▸ PROBLEM DESCRIPTION: Give a verbatim copy of the data, leaving the pictures out.

▸ DATASET SECTION:
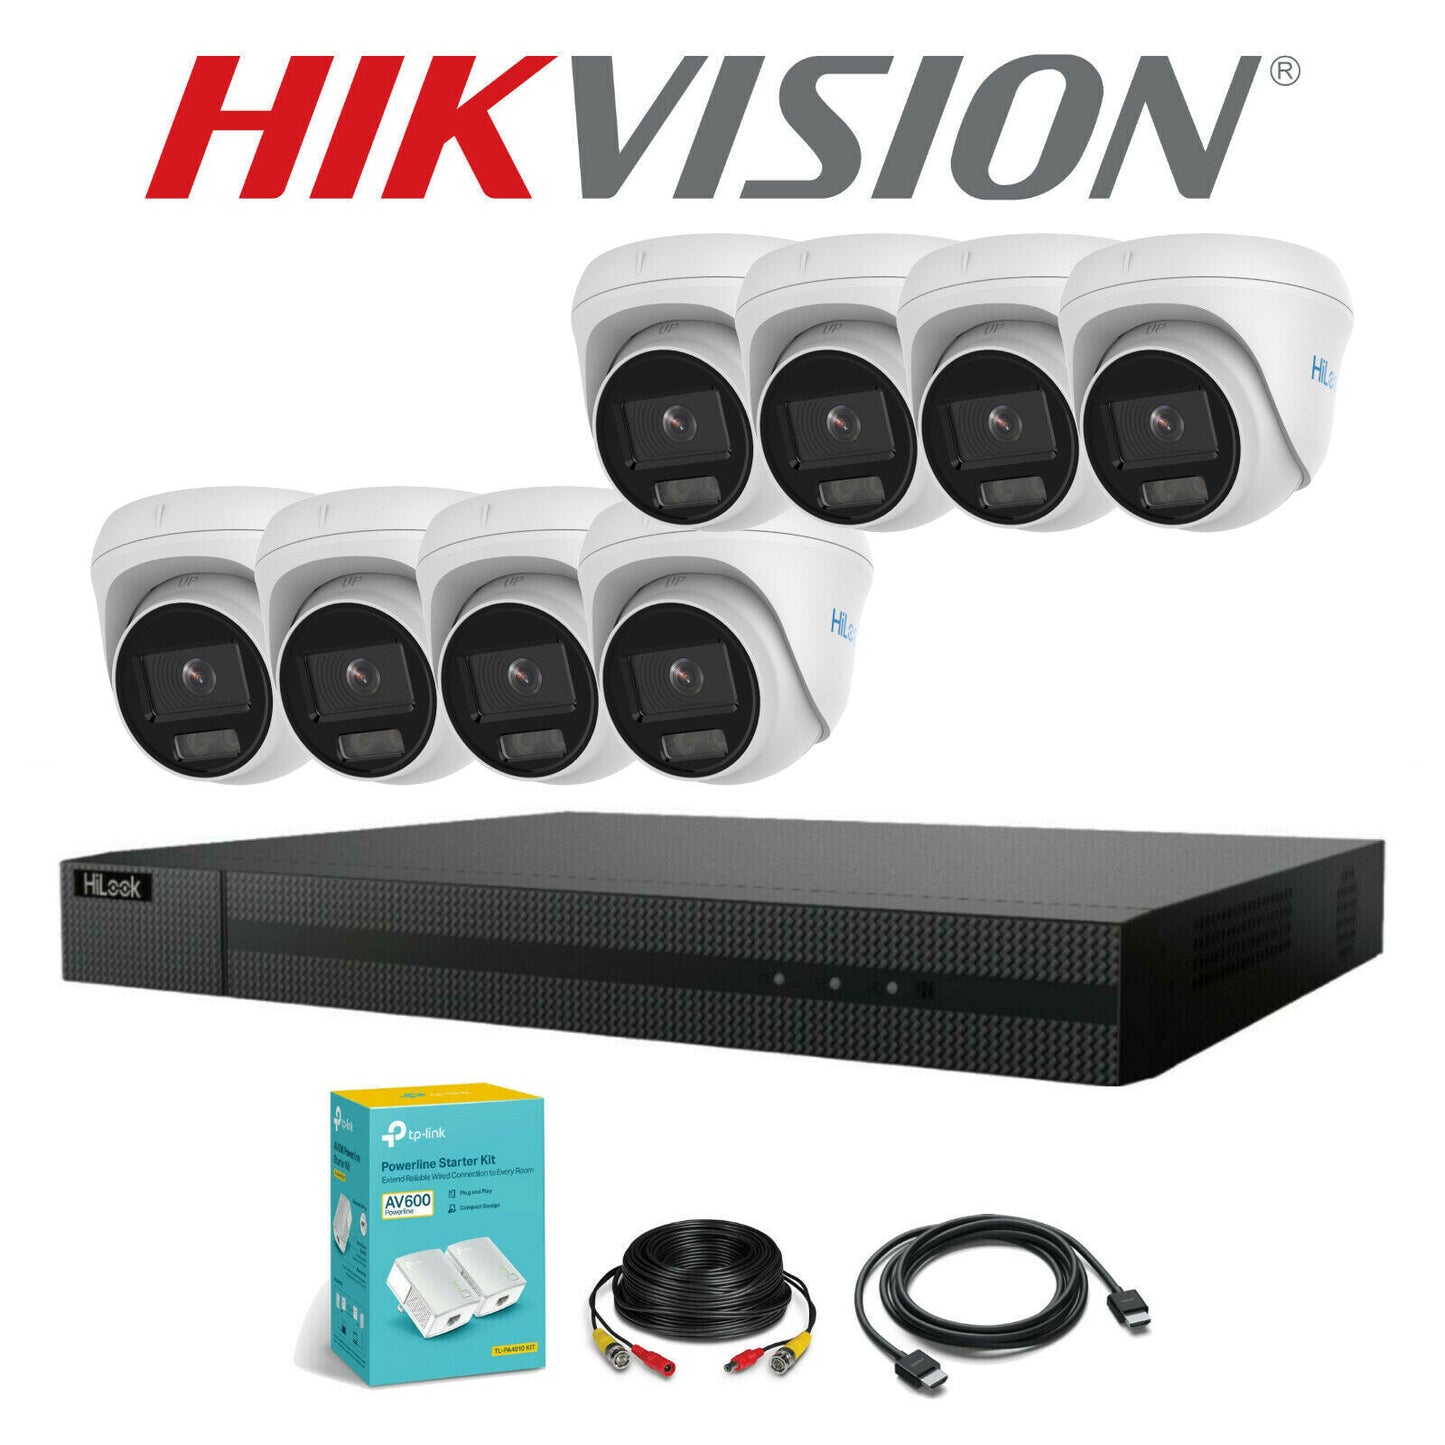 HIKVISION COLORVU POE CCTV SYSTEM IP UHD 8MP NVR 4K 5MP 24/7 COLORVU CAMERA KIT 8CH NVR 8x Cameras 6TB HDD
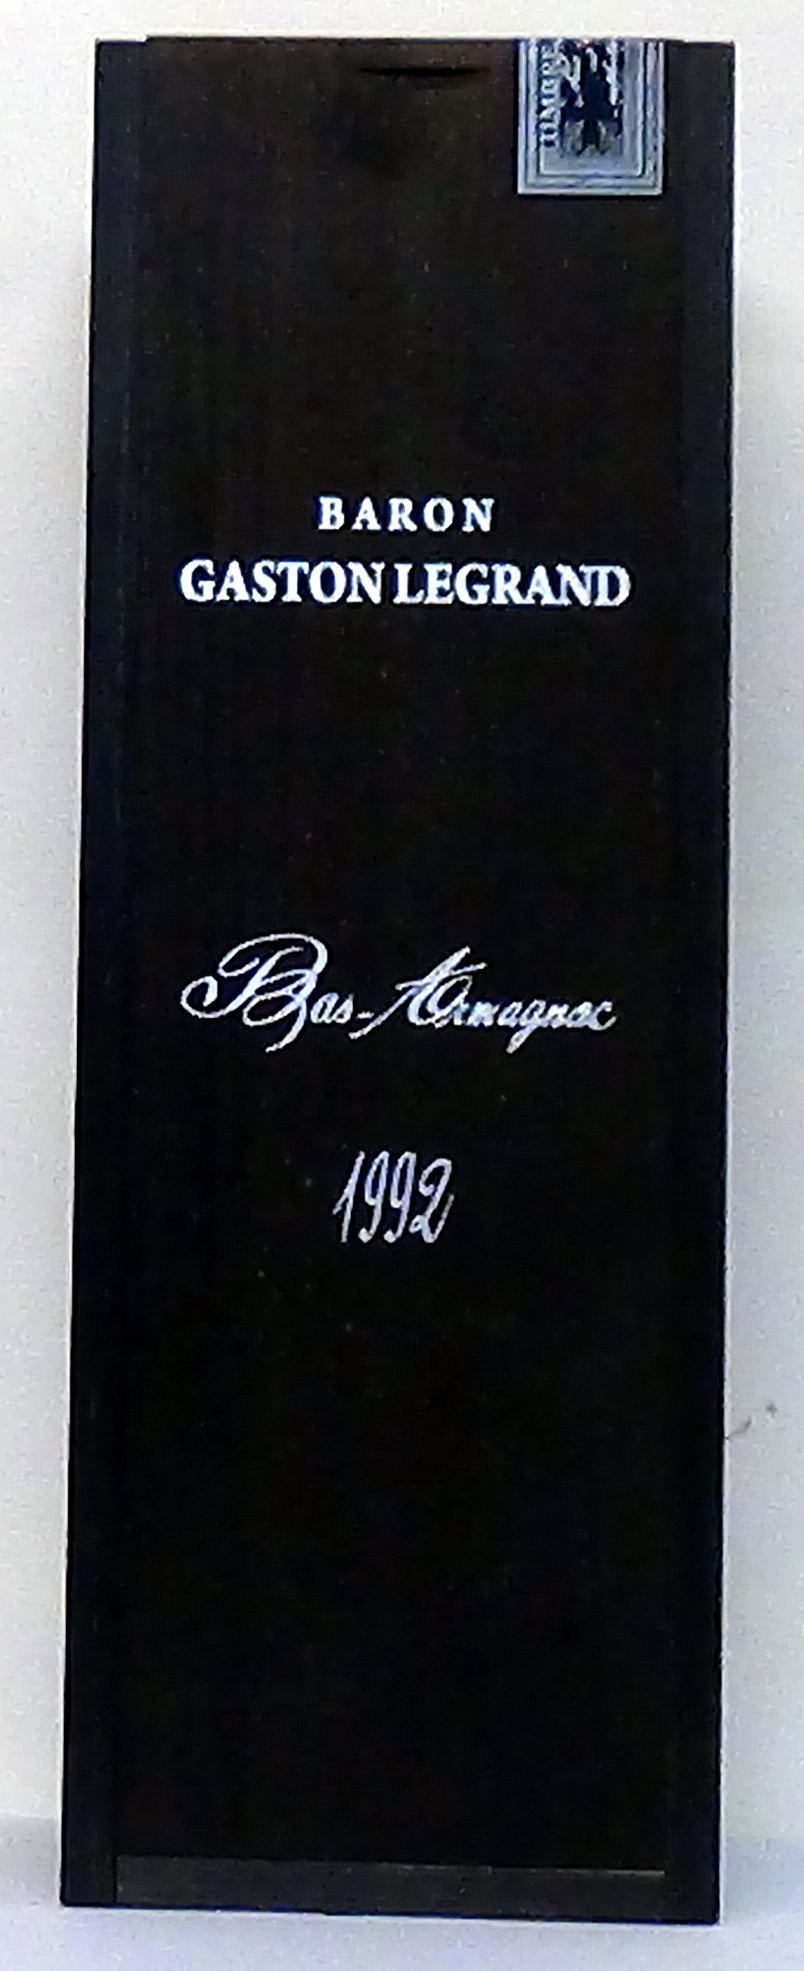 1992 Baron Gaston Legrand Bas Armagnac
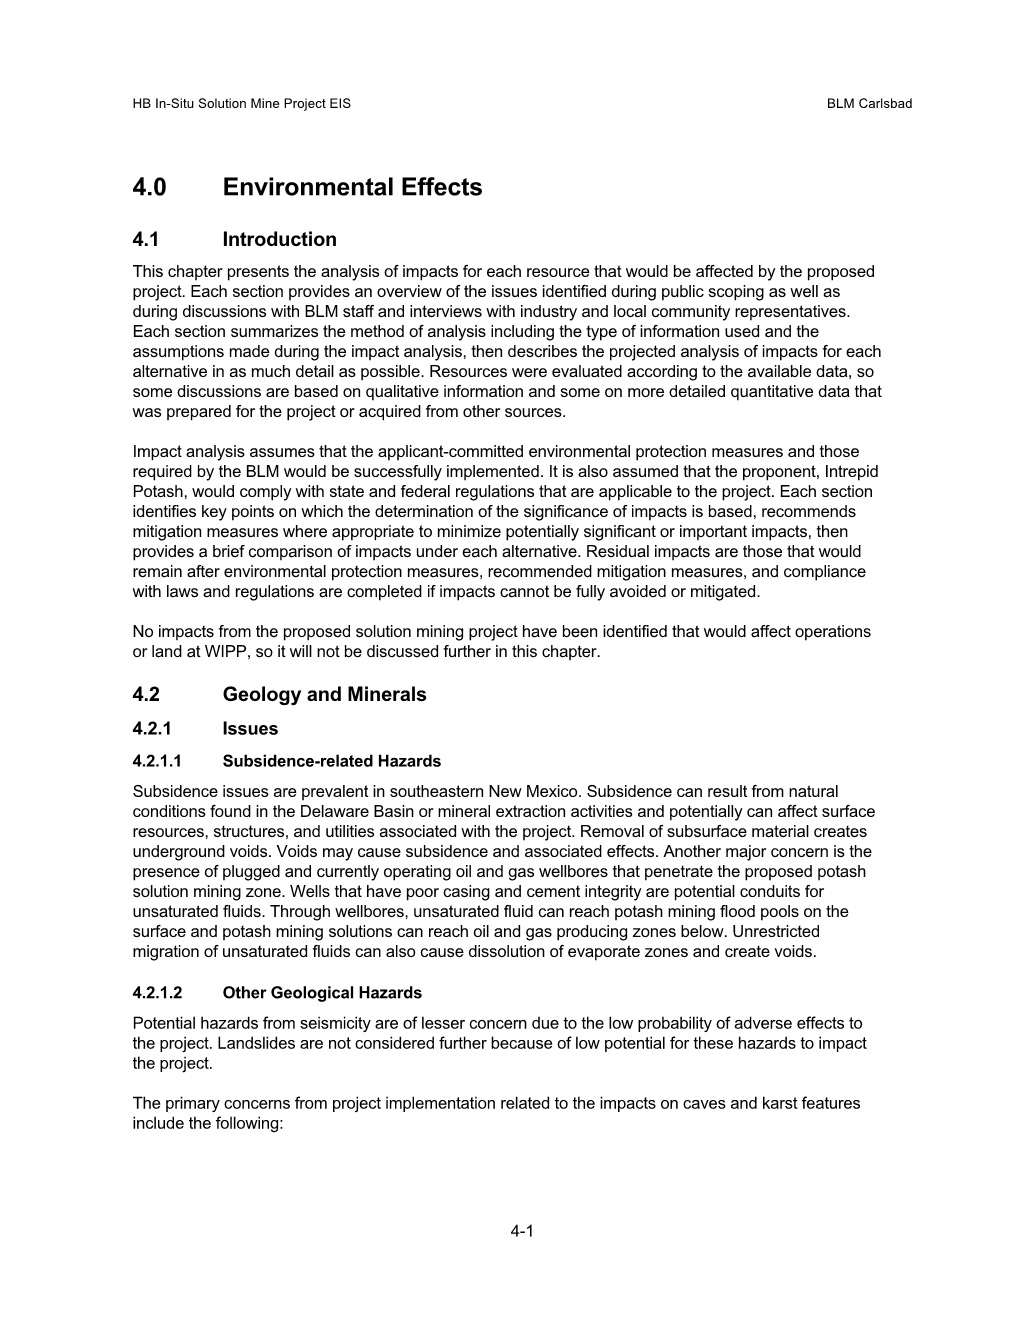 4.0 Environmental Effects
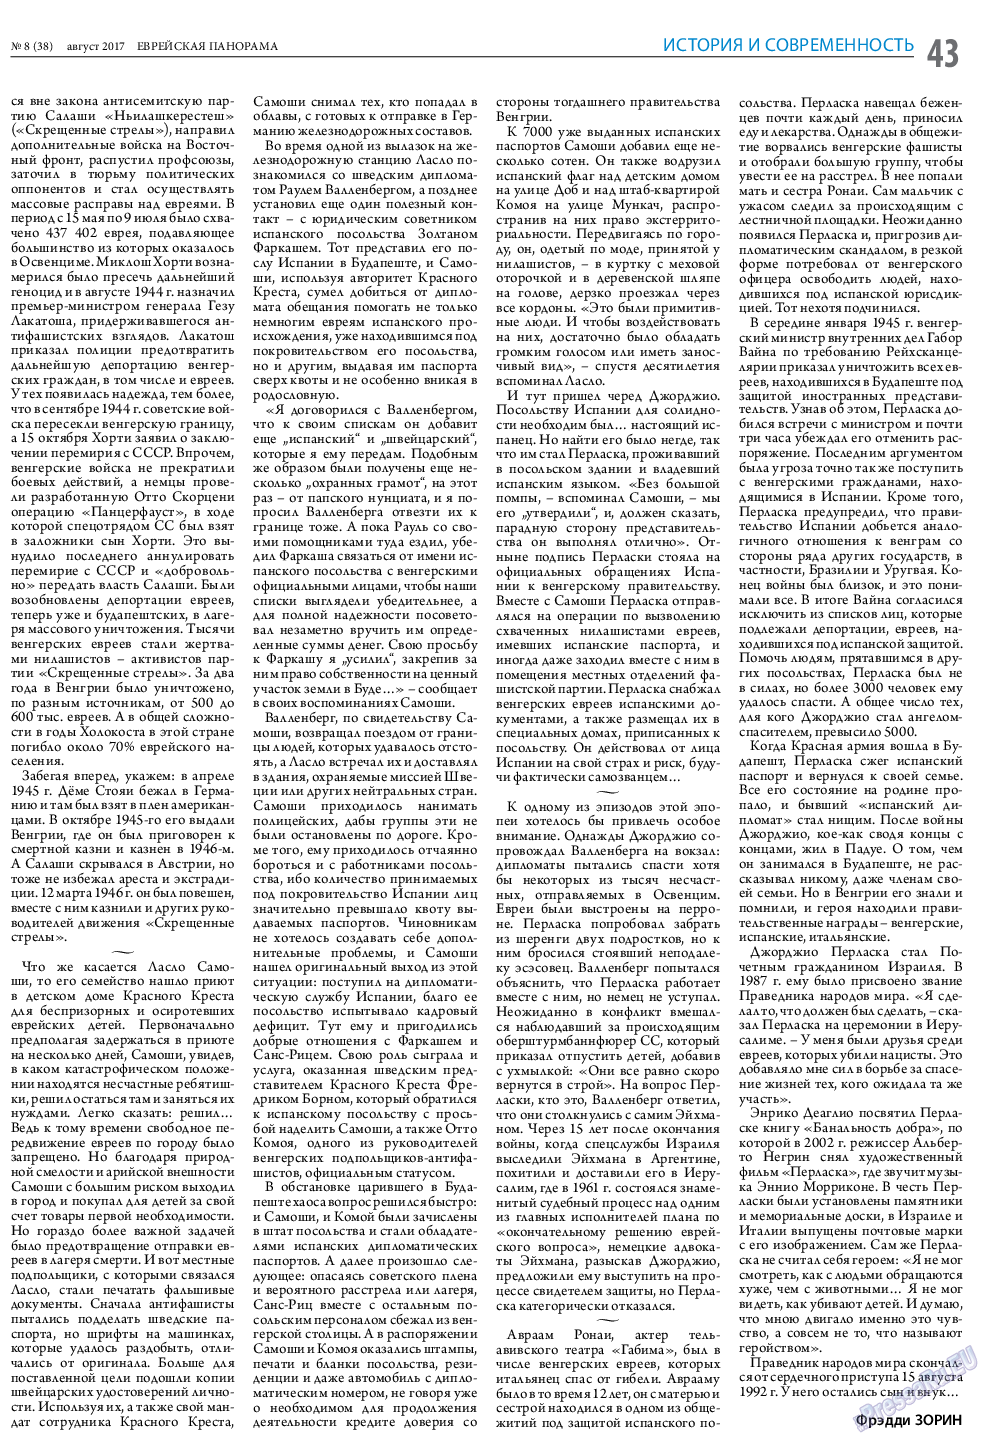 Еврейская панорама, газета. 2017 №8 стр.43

▸ RESPONSE TO THIS EXERCISE:
 HIKVISION COLORVU POE CCTV SYSTEM IP UHD 8MP NVR 4K 5MP 24/7 COLORVU CAMERA KIT 8CH NVR 8x Cameras 6TB HDD
 1992 Baron Gaston Legrand Bas Armagnac
 4.0 Environmental Effects
 Еврейская панорама, газета. 2017 №8 стр.43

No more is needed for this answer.